A giant plate of meat later, and two servings of black-berry and peach cobbler, aforementioned-friend and I were basically licking the plates and bowls clean (if ever presented with an opportunity to get black-berry or peach cobbler, get both – always get both). Aforementioned-friend likes to laugh at me, as food will always equal my total coping mechanism, and one summer a few years ago, she and I consumed approximately 5 family-size bags of Doritos in just one three-week period (there may or may not have been bin or Oreos at some point, as well). Aforementioned-friend totally gets me, and as we drove home, we both processed the bad day, and how just that one opportunity to dance in the rain really changed everything. What if one of us had been too stubborn to get dinner, or even too impatient to push ourselves to drive that extra five minutes, thus finding the best meal of my summer?
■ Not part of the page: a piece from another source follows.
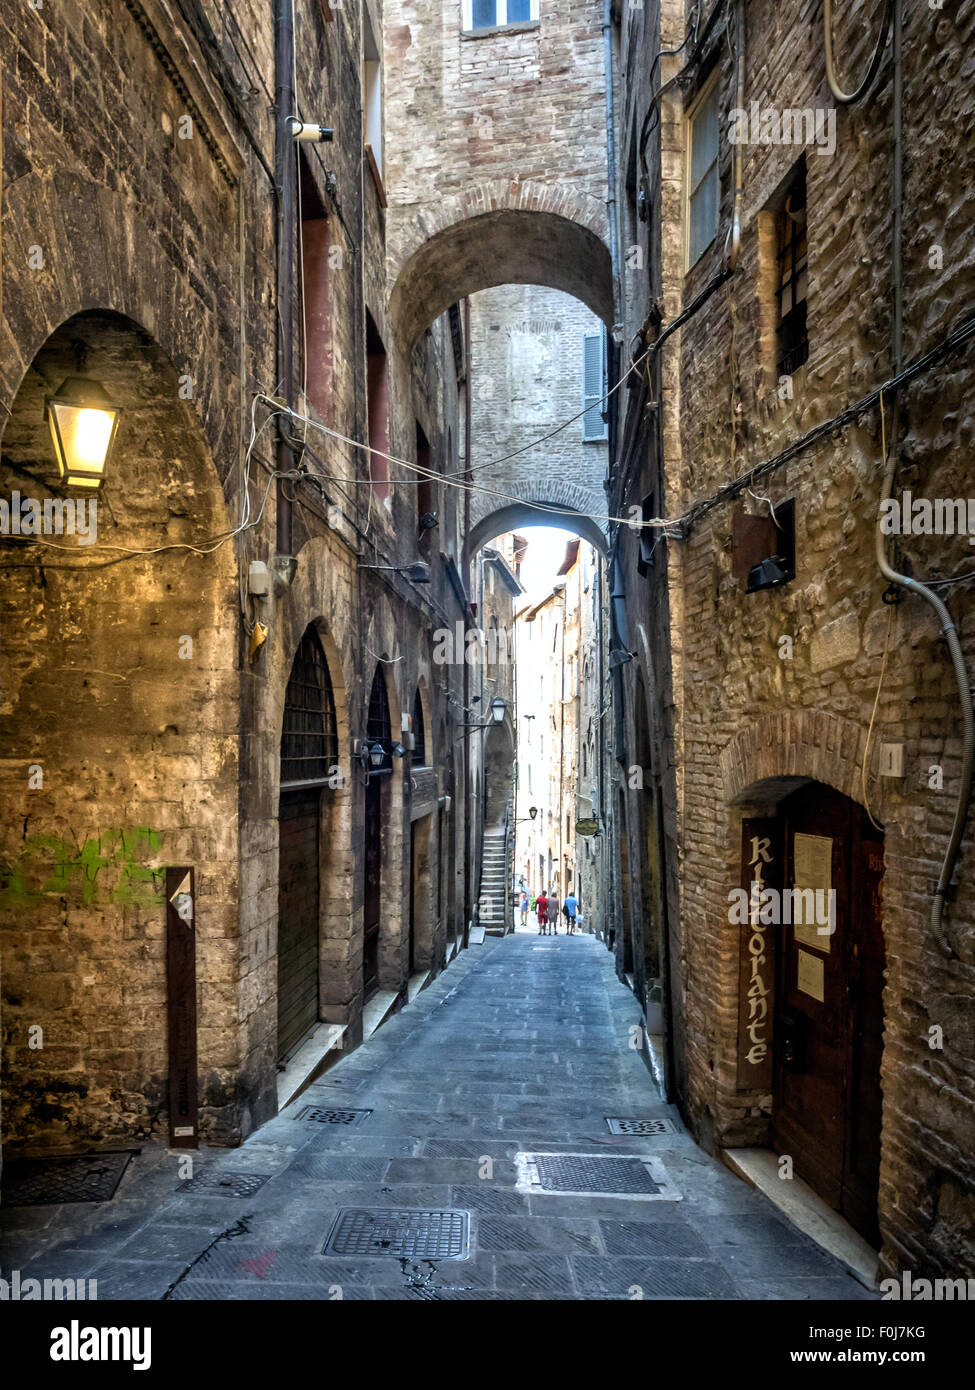 Narrow street with arches in Perugia, Umbria Italy Stock Photo - Alamy
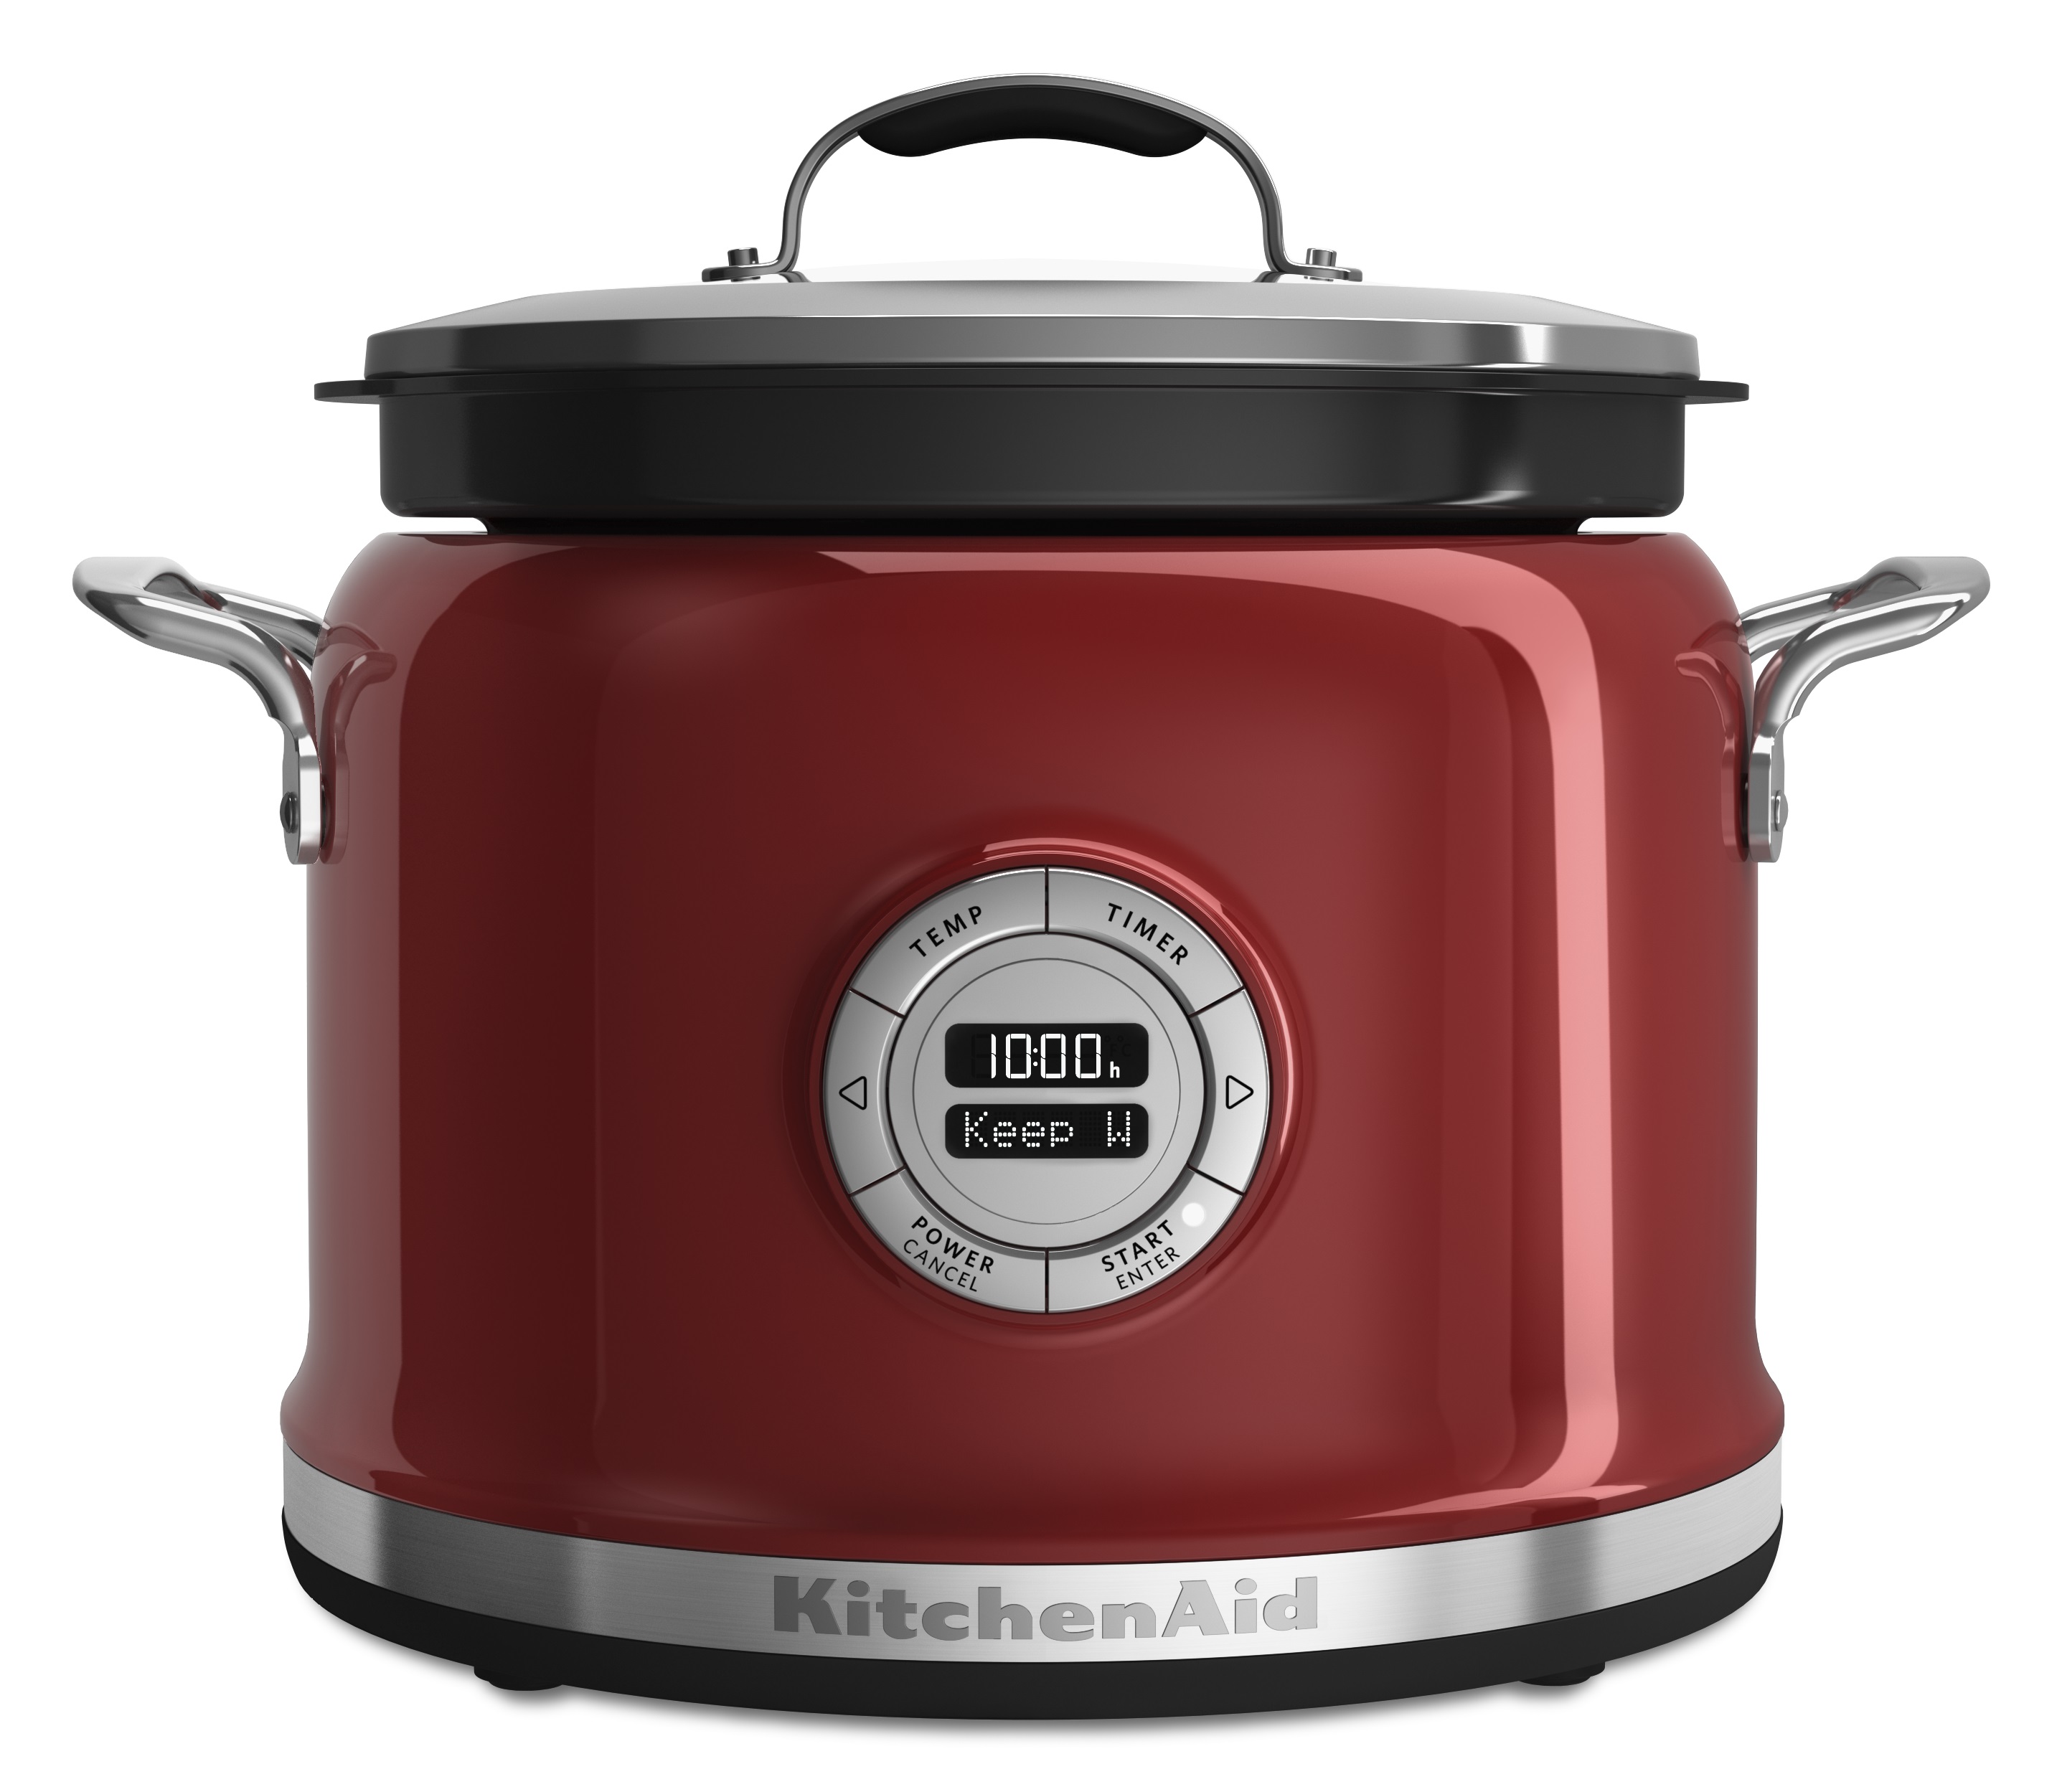 https://www.kitchenwarenews.com/wp-content/uploads/2015/02/KitchenAid-Multi-Cooker-Empire-Red.jpg

You see, it’s like that moment while driving, when you switch lanes, only to watch your previously-occupied lane pass you by. How often do we give it (whatever, “it,” might be for each of us) just five more minutes? Hell, how often are we patient for just five more seconds? How often is the PURPLE PIG BBQ (or whatever the, “PURPLE PIG BBQ,” is for you) just moments away from us without even knowing? Push yourself to see that incoming-black cloud as a possibility to dance, rather than a rain on your parade. Challenge yourself to see “five more minutes” as a chance for a better meal and better perspective, rather than a barrier to your hungry-ways. And finally, aspire to have someone in your life like aforementioned-friend, one who makes you a better and more aware person. Be a better and more aware person.